Work request ->
Look through the entries below and report how many lines hold the string "Vehicle". Only the number is wanted.

Materials provided ->
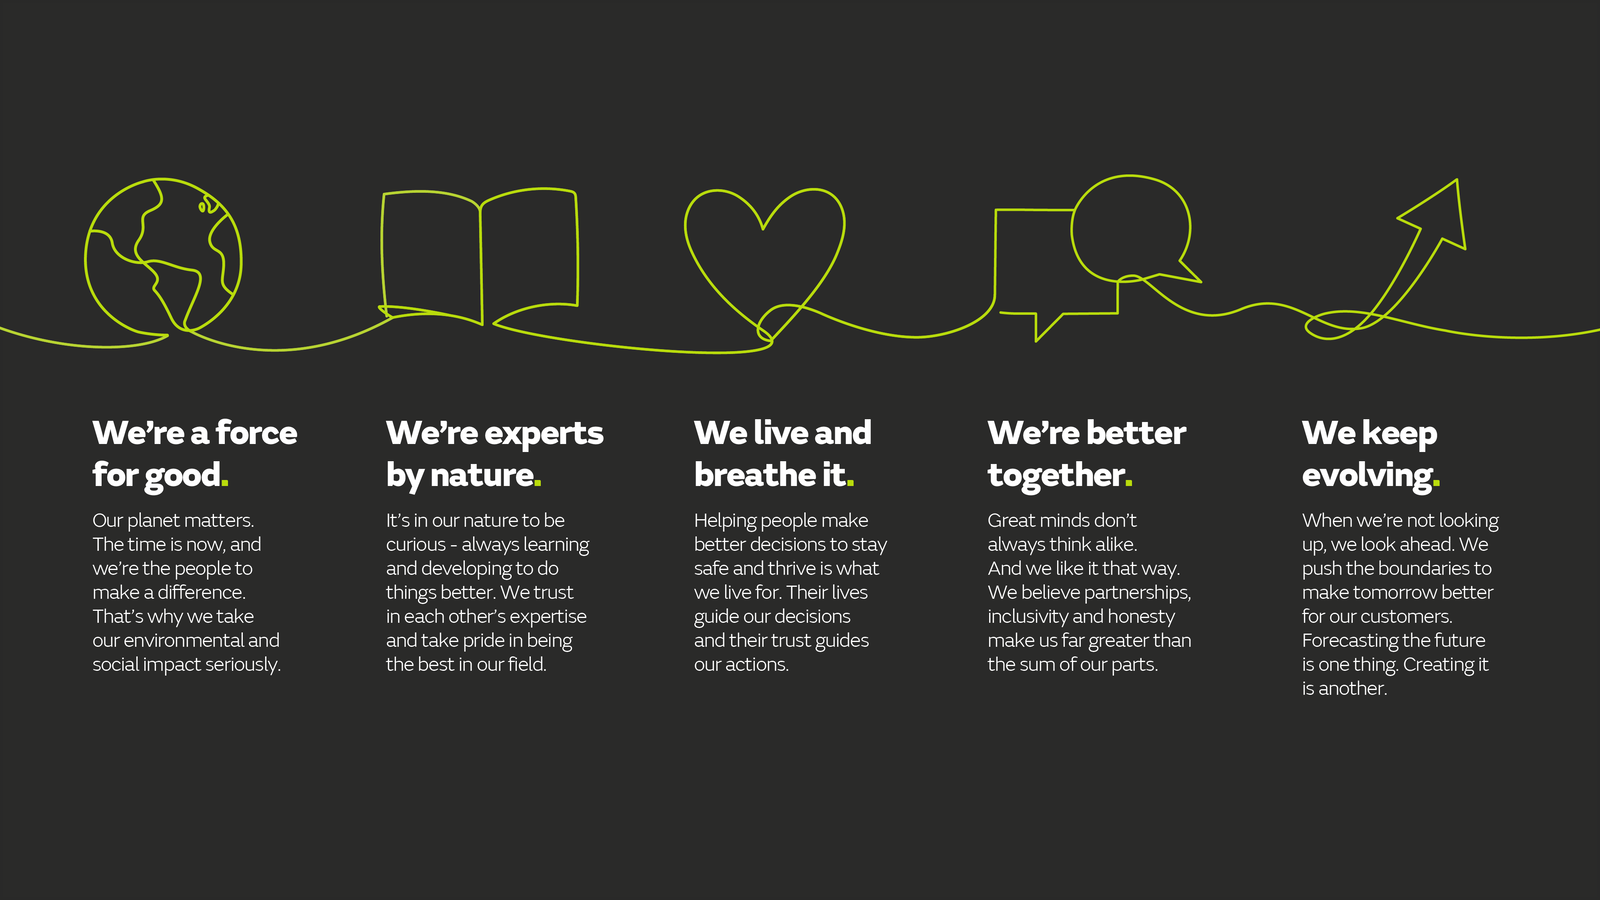 A graphic listing the 5 Met Office values: We're a force for good, We're experts by nature, We live and breathe it, We're better together and We keep evolving
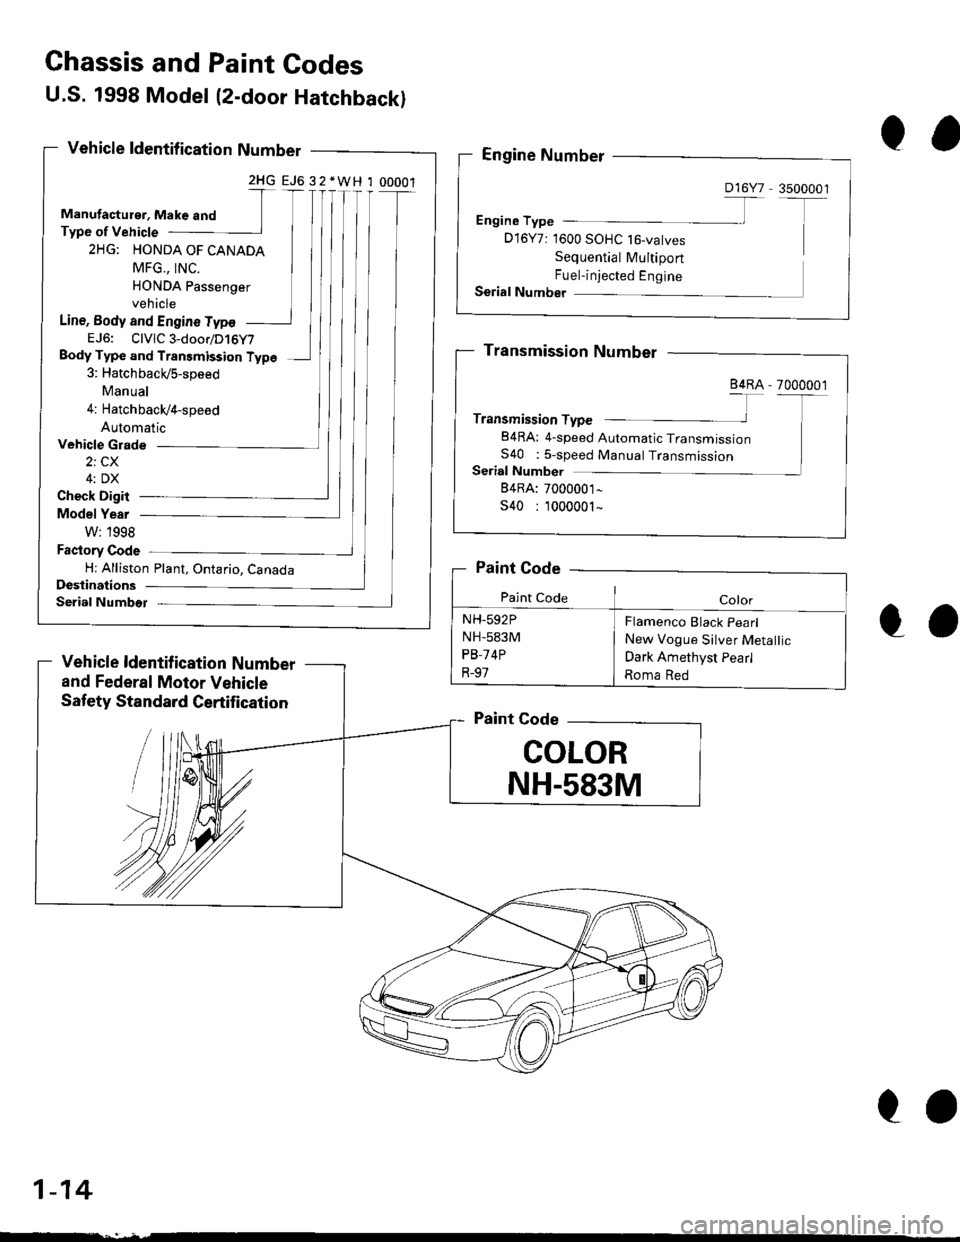 HONDA CIVIC 1998 6.G User Guide Ghassis and Paint Godes
Vehicle Grade
2i CX
4: DX
Check Digit
Model Year
W: 1998
Factory Code
Hr Alliston Plant, Ontario, CanadaDeslinations
Serial Numbet
Vehicle ldentif ication Number
and Federal Mo
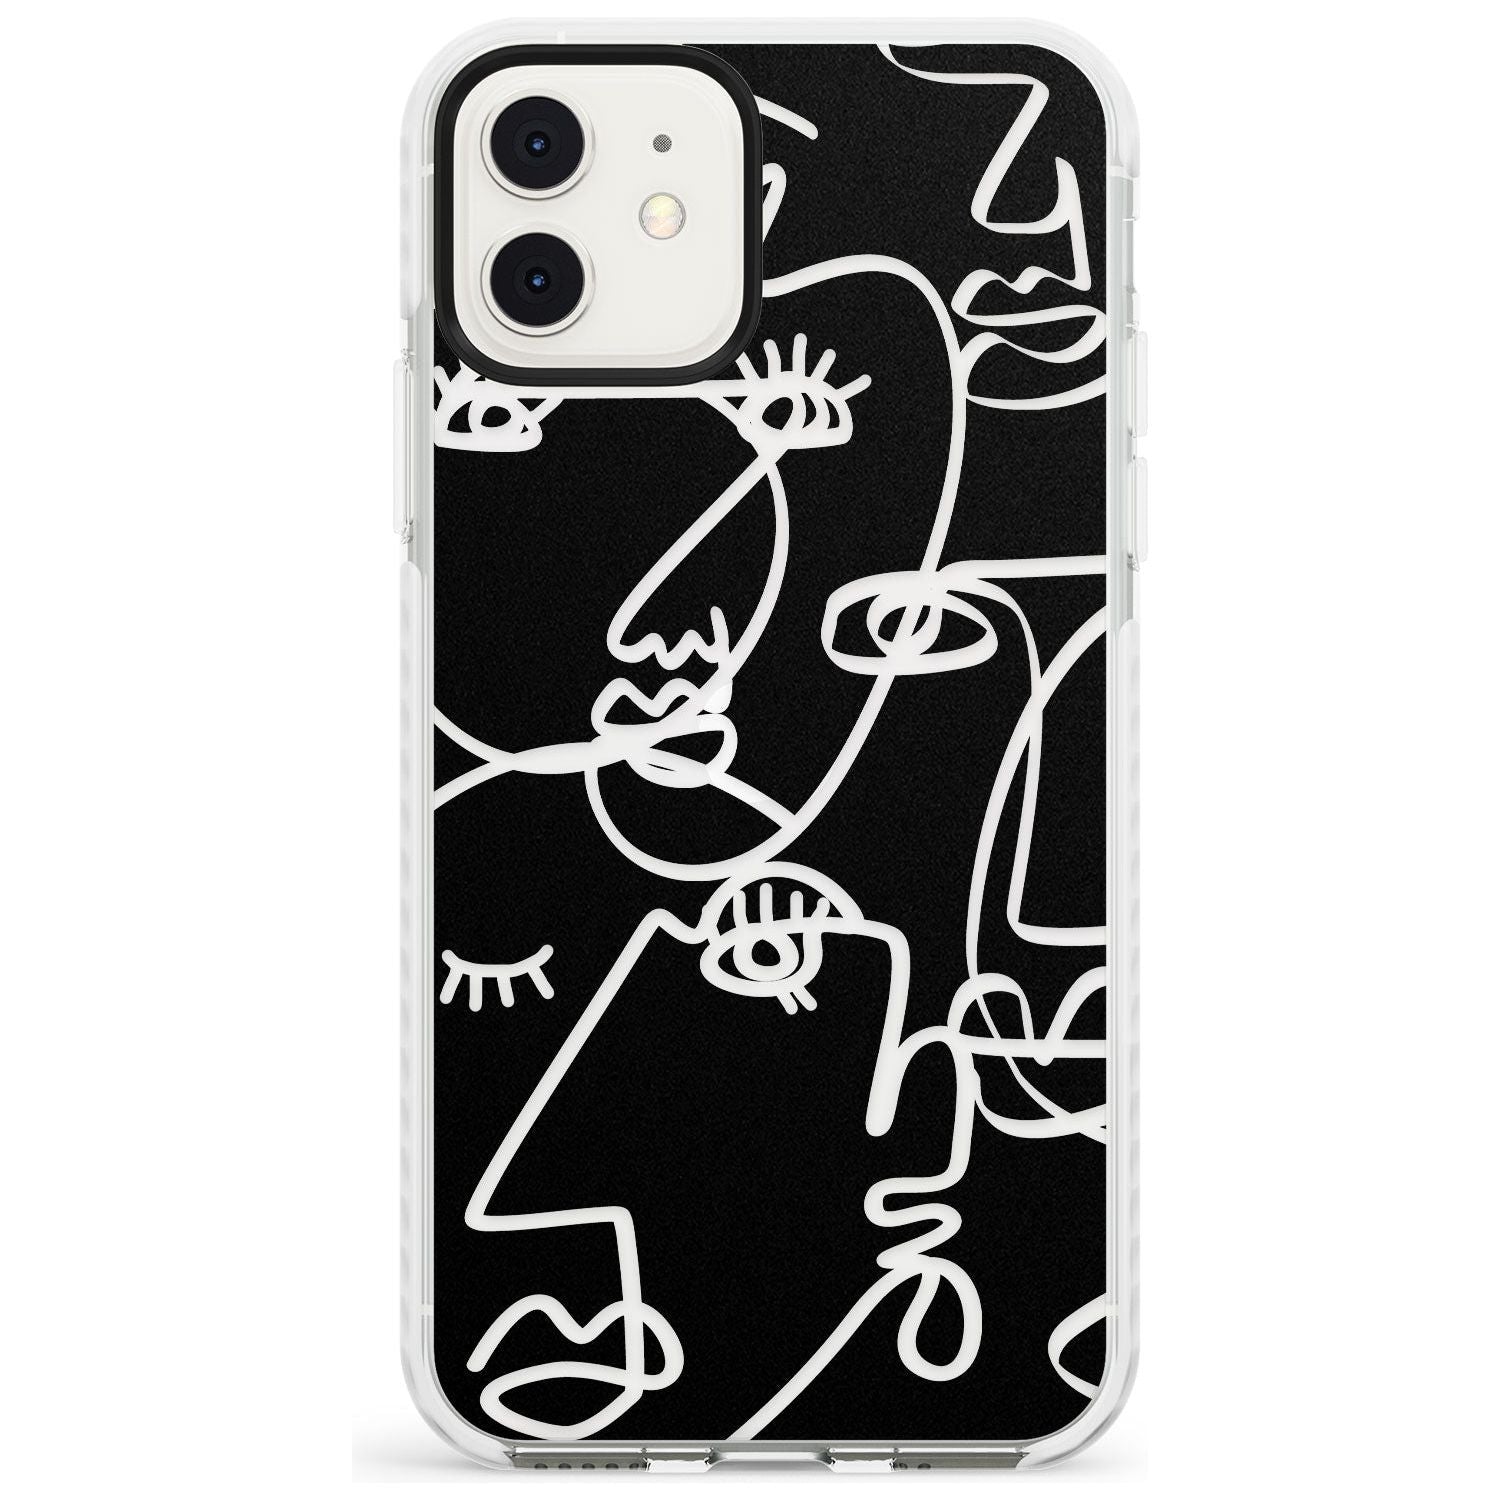 Continuous Line Faces: Clear on Black Slim TPU Phone Case for iPhone 11

Answer ->
2